Atomic force microscopy images of tetrahedron self-assembly. (a) Images of purified samples of the intermediates BBB, CBB, CCB, and the full tetrahedron CCC, which, respectively, appeared as a three-arm junction, a single triangle, a double triangle, and a three- or four-lobed structure corresponding to a flattened tetrahedron, each consistent with our design. In each image, the double-stranded edges of each wireframe structure are clearly resolved. (b) Images of the full tetrahedron cut by restriction endonucleases followed by incubation with streptavidin. Digestion with either of two endonucleases targeted to different edges restored the double-triangle structures, with the streptavidin (appearing as small white circular features in the AFM image) appearing at the expected biotin-modified vertices.

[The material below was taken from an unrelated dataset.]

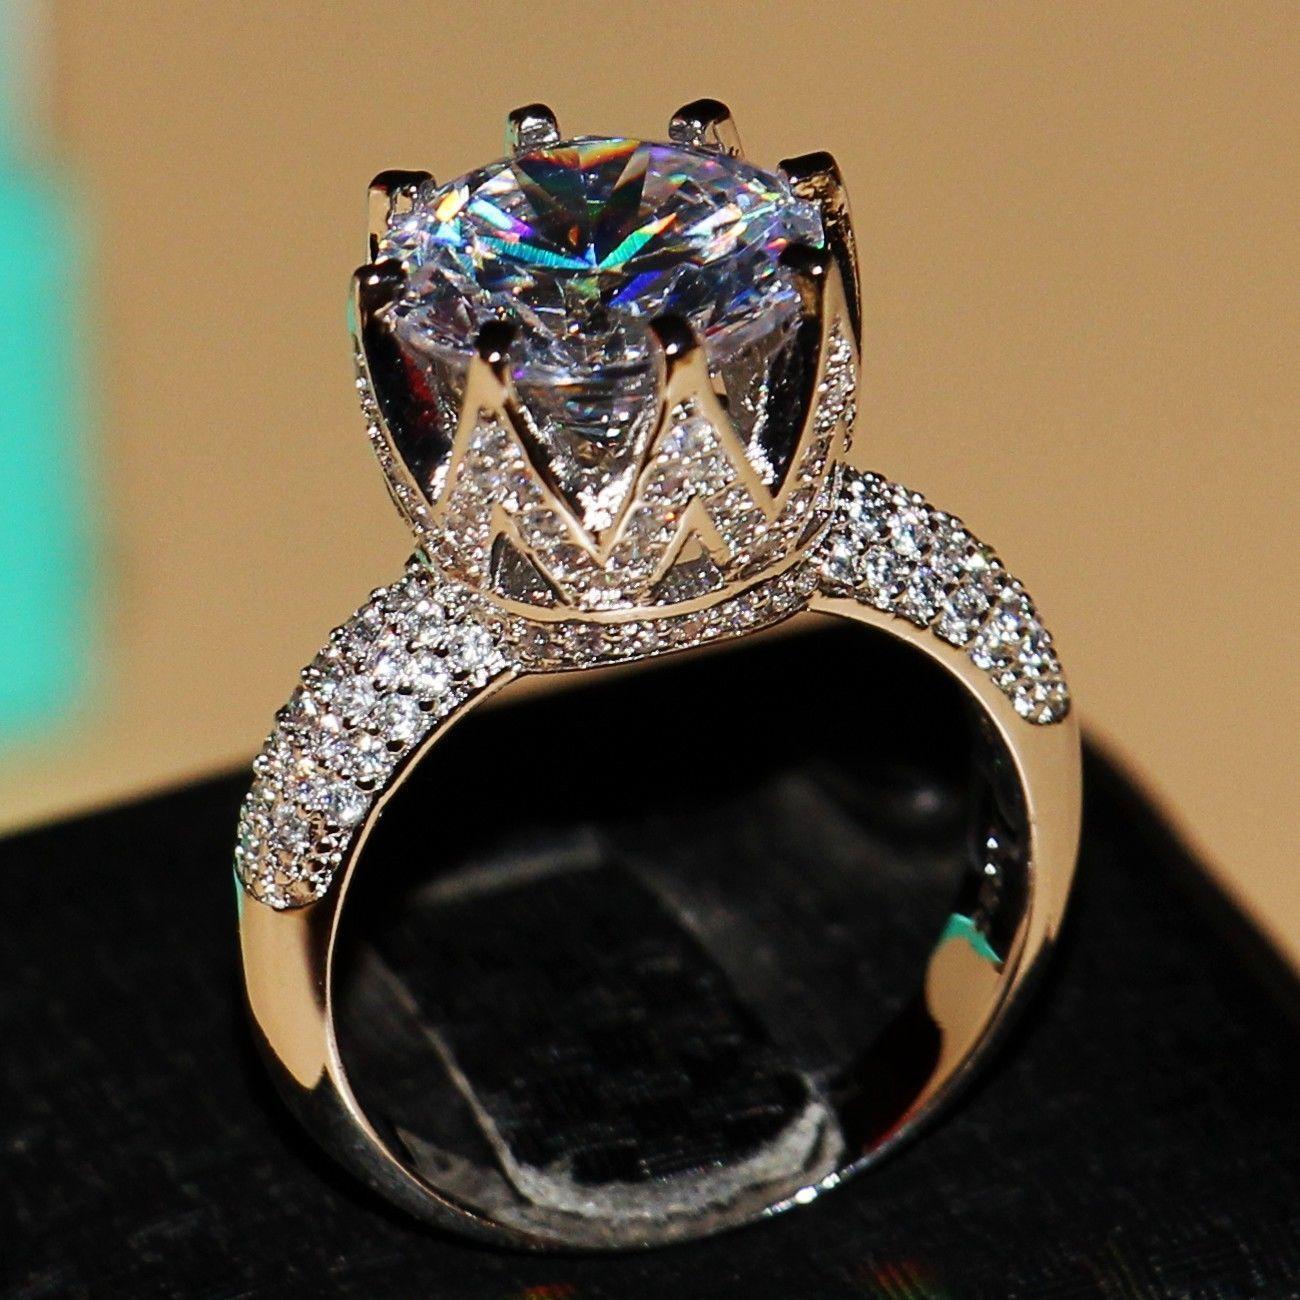 Nobles damas joyas reales 925 Sterling anillo de plata circonita compromiso boda.
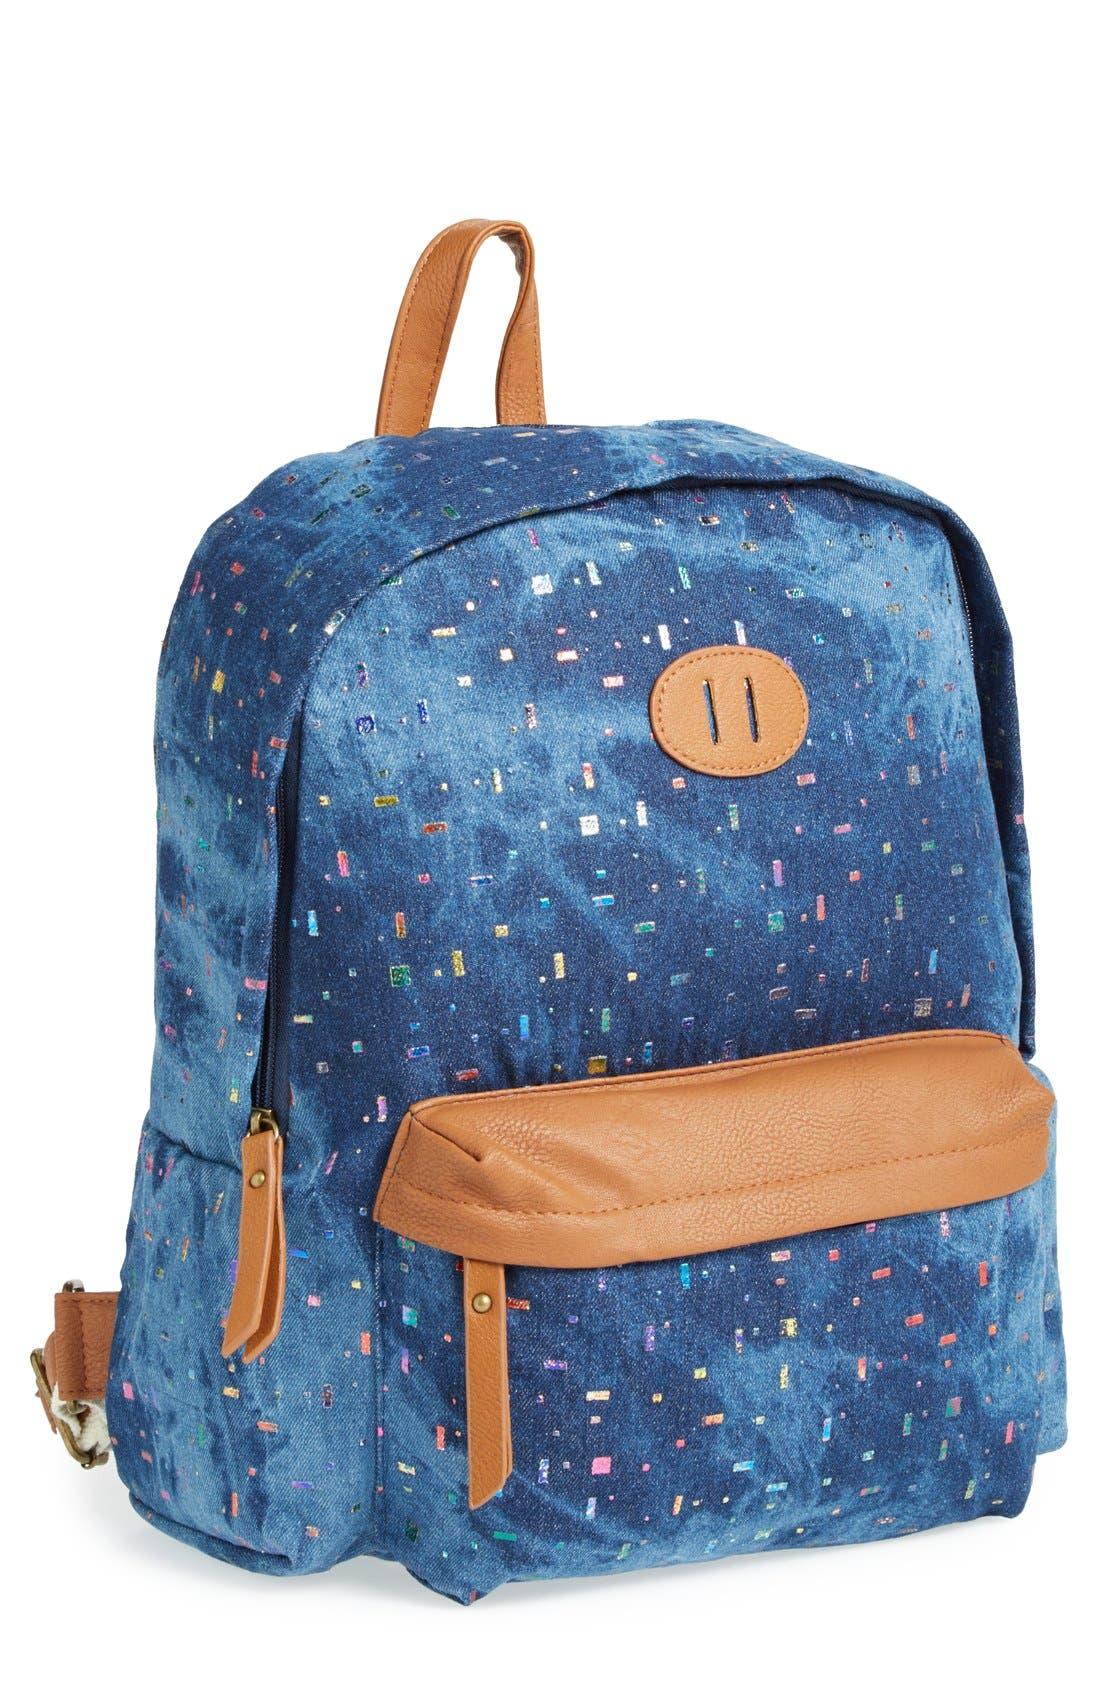 Alternate Image 1 Selected - Steve Madden Canvas Backpack

In the schematic diagrams, the black bar intersecting tetrahedron edge represents the designed restriction site, the black dot is the 5′-biotin, and the yellow circle is the streptavidin. The scale bars of the larger images are 100 nm long; the inset images are 62.5 nm in width, at double the scale of the larger images. These samples were assembled at a concentration of 100 nM and then purified by glycerol gradient ultracentrifugation; for panel b, the restriction and streptavidin binding were performed before purification.